GIVEN MATERIAL ▸
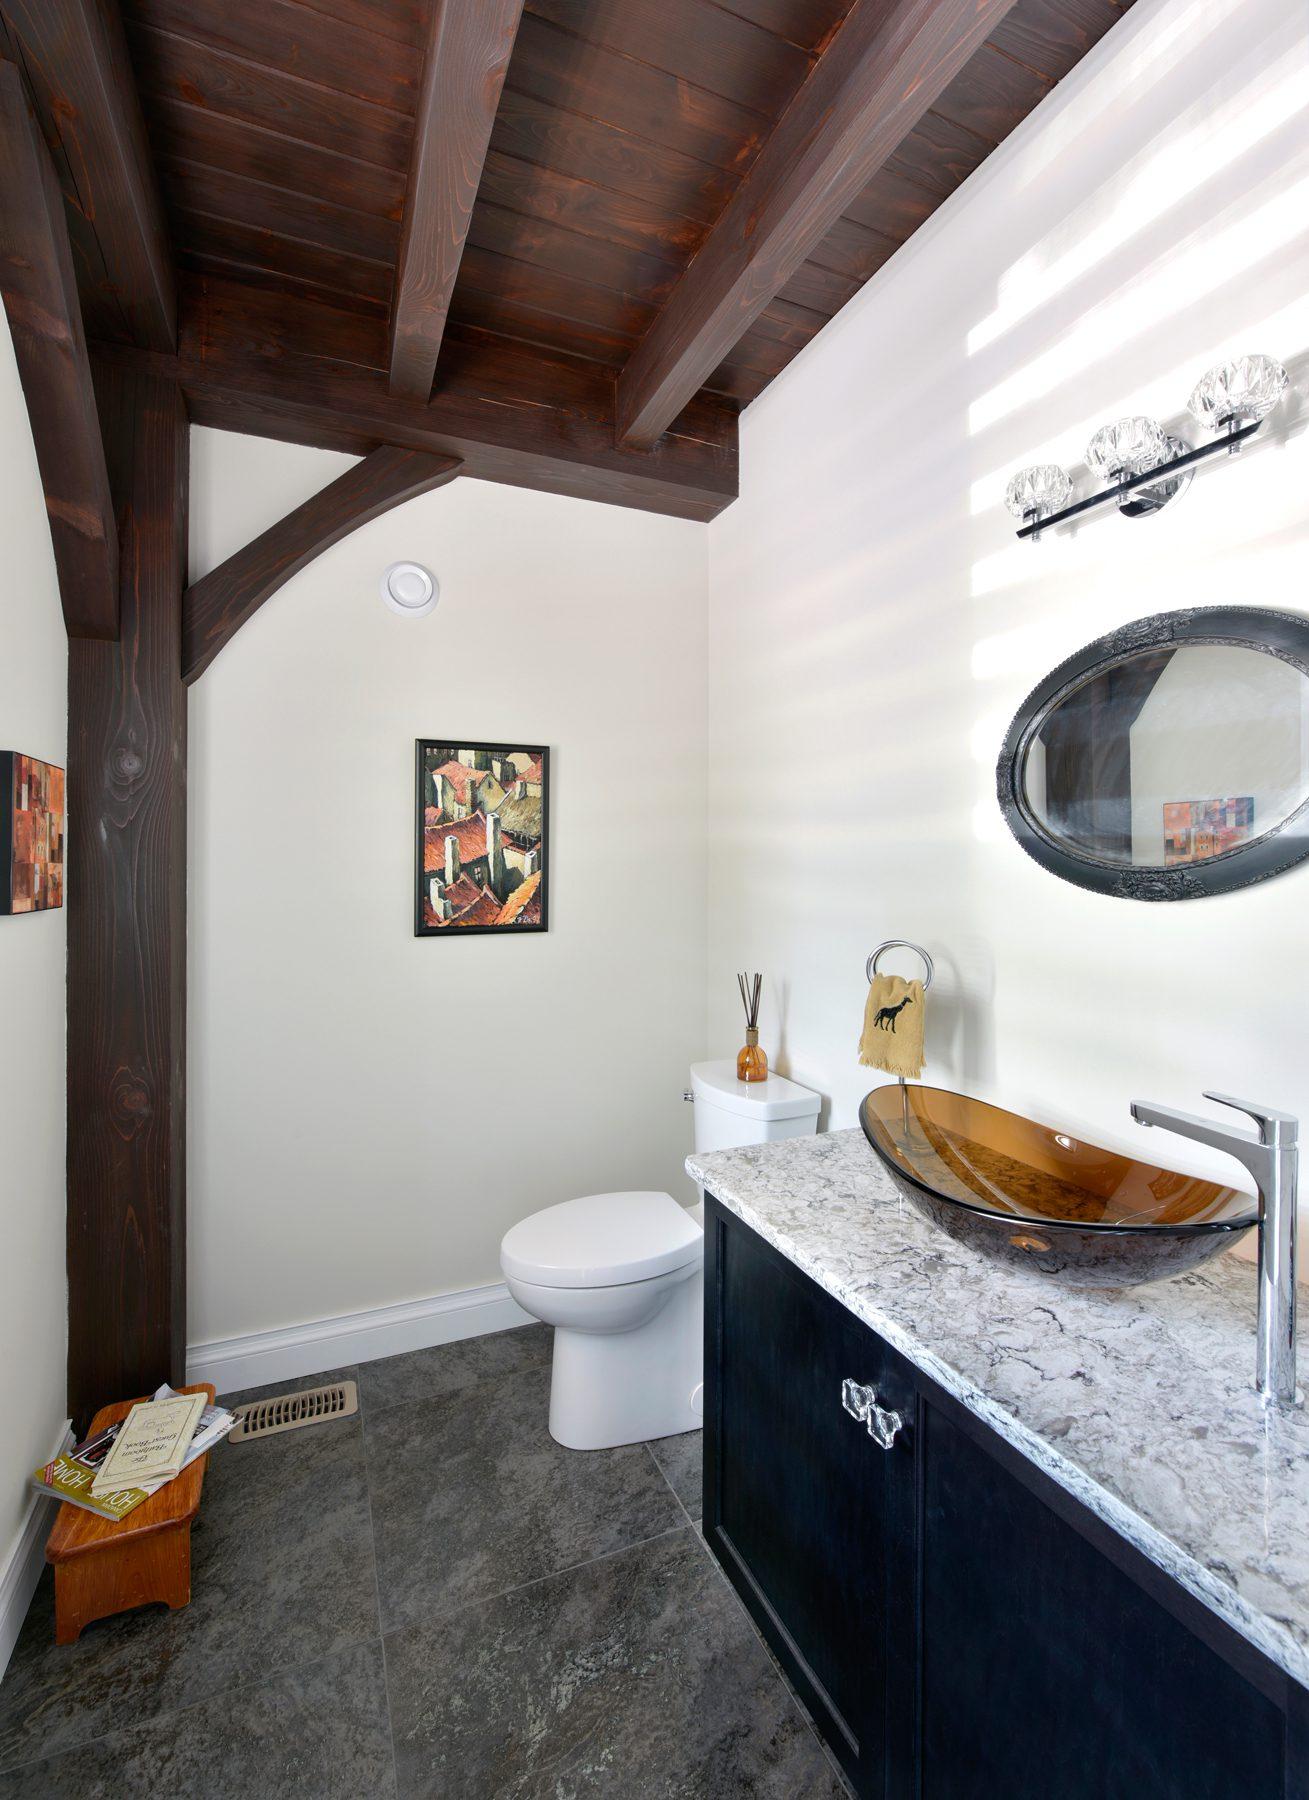 Normerica Timber Frame, Interior, Cottage, Bathroom, Powder Room
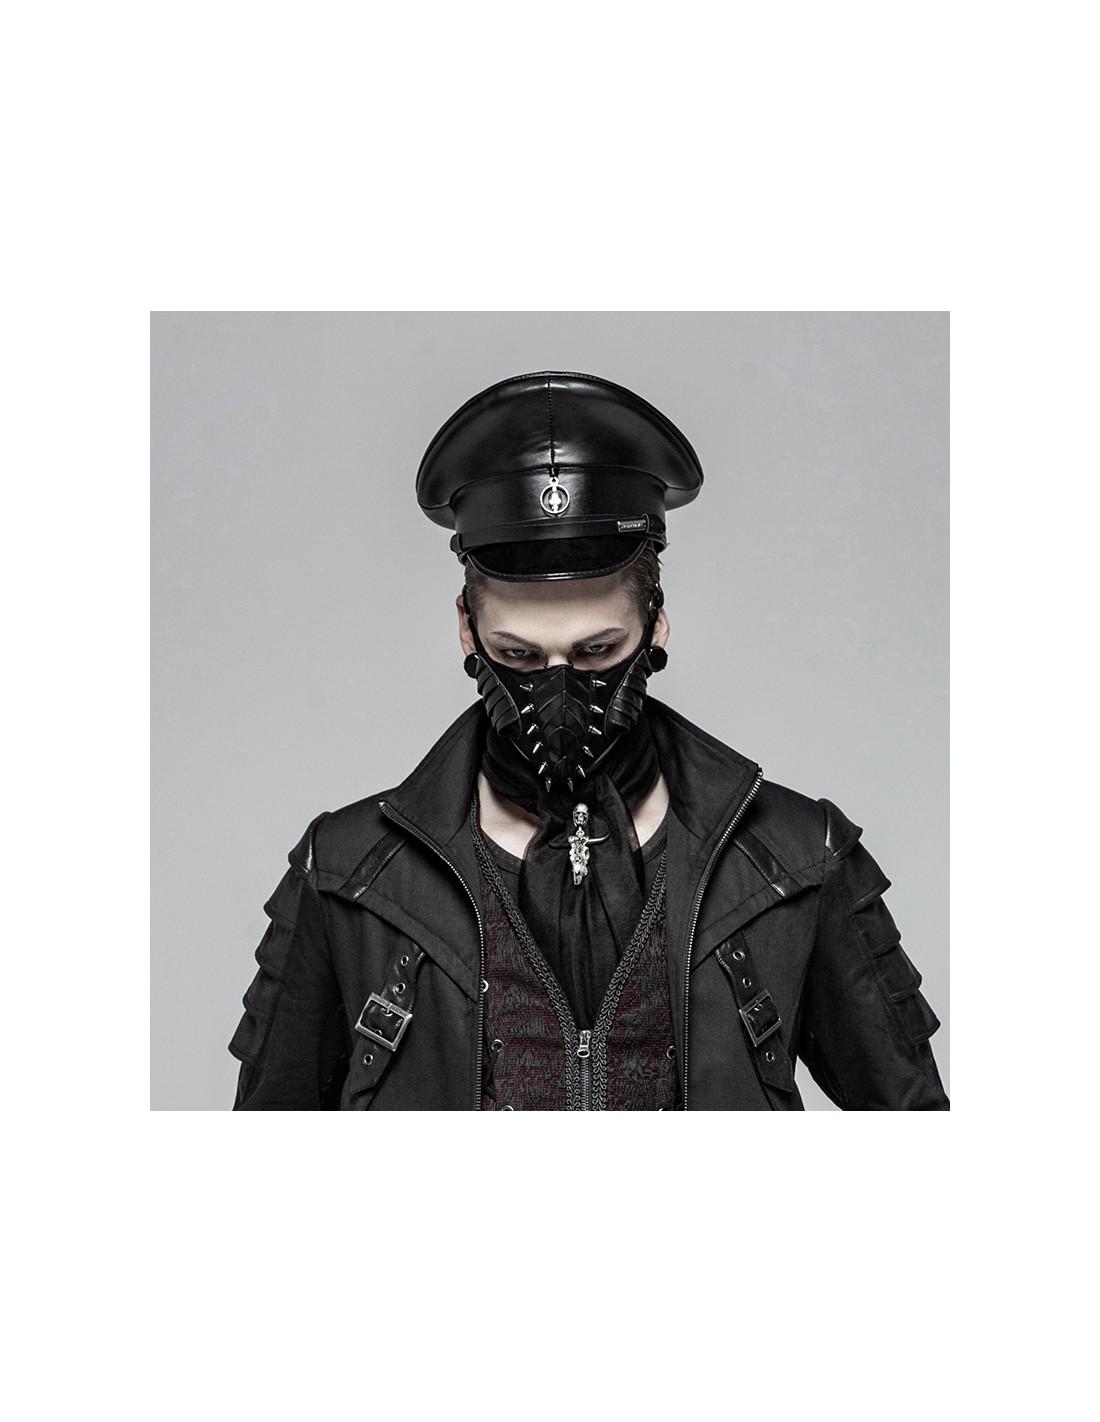 ebeb57094 Sinister Commissar Hat
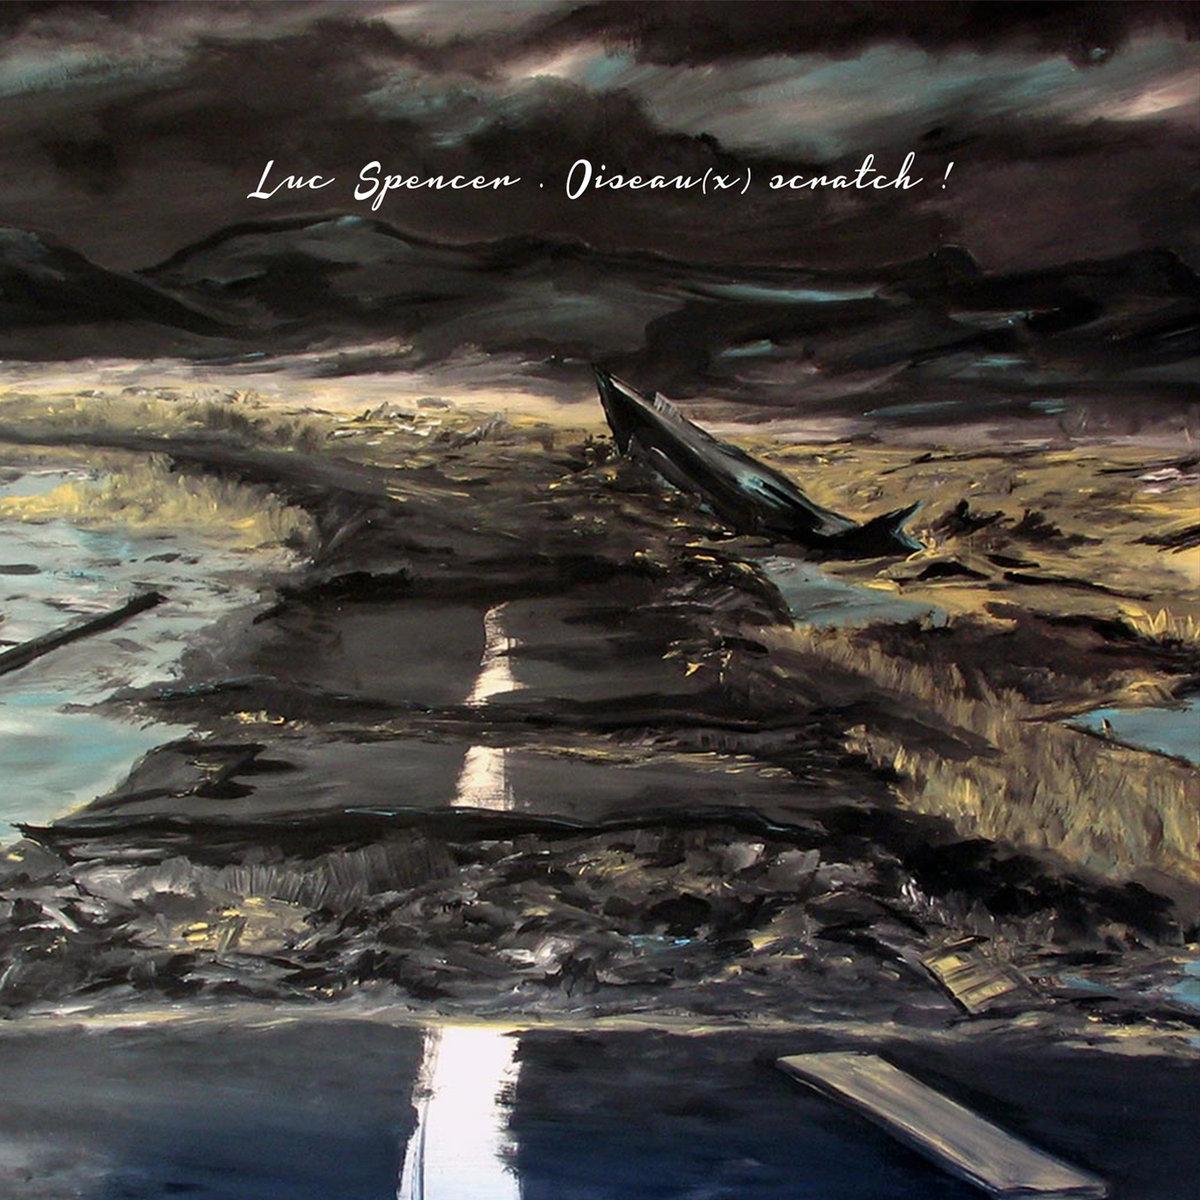 Luc Spencer – Oiseau(X) Scratch

EXERCISE REQUIREMENTS ▸
Copy the listing above exactly, minus the pictures.

RESULT OF THE TASK ▸
 Normerica Timber Frame, Interior, Cottage, Bathroom, Powder Room
 ebeb57094 Sinister Commissar Hat
 Luc Spencer – Oiseau(X) Scratch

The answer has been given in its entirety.